--- Recorded data Enclosed Below ---

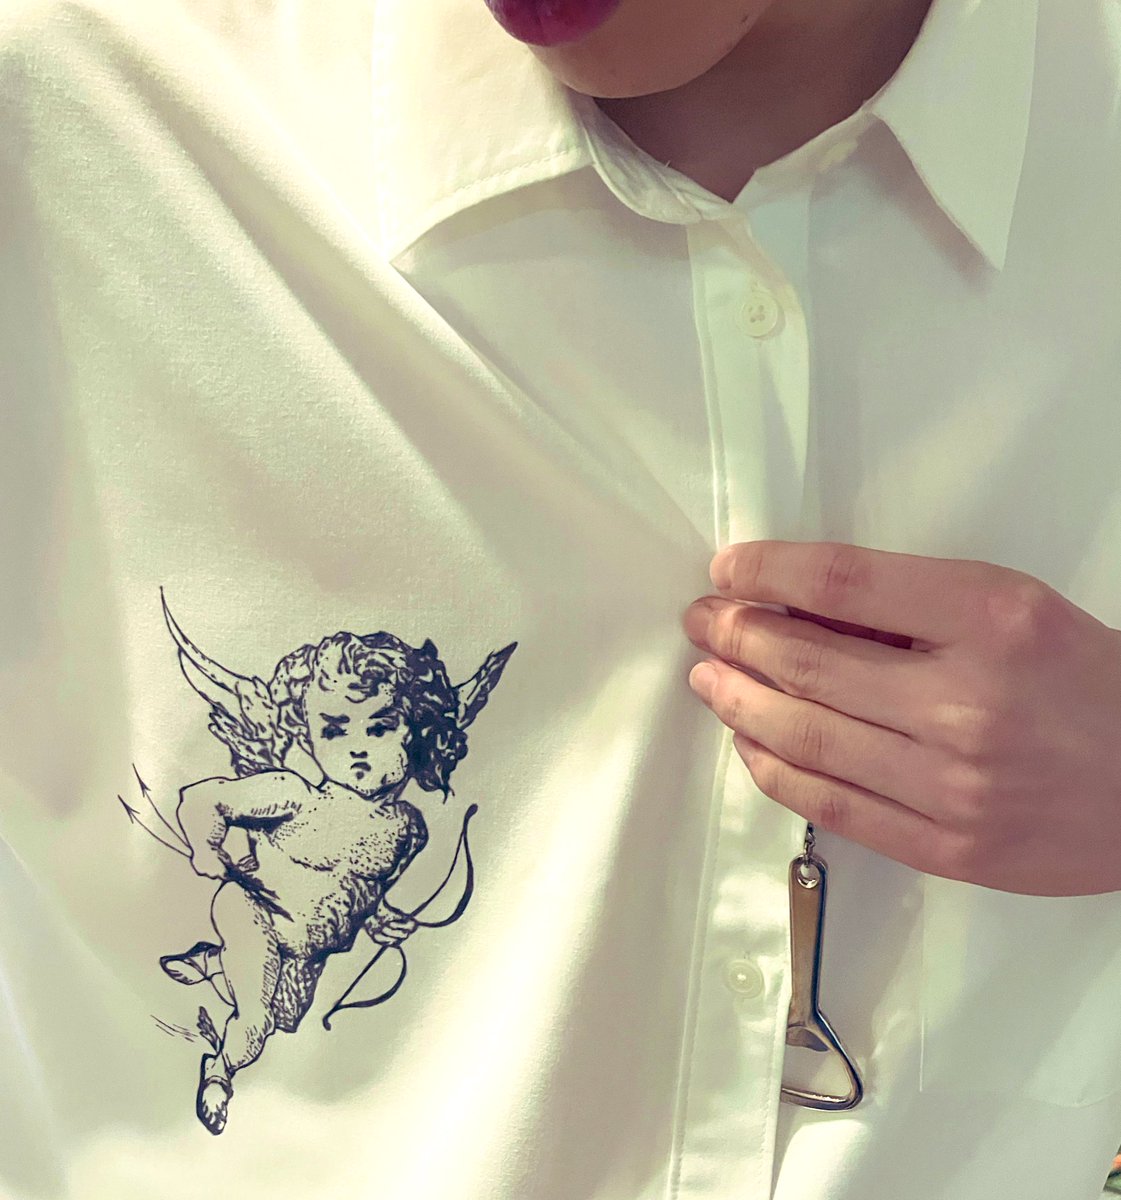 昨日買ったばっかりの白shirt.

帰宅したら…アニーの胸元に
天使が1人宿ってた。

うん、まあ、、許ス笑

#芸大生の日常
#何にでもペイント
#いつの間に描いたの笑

--- End of Enclosed Recorded data ---

Exercise description
Pictures in the listing above must be skipped; everything else should be copied exactly.

Answer area
 昨日買ったばっかりの白shirt.

帰宅したら…アニーの胸元に
天使が1人宿ってた。

うん、まあ、、許ス笑

#芸大生の日常
#何にでもペイント
#いつの間に描いたの笑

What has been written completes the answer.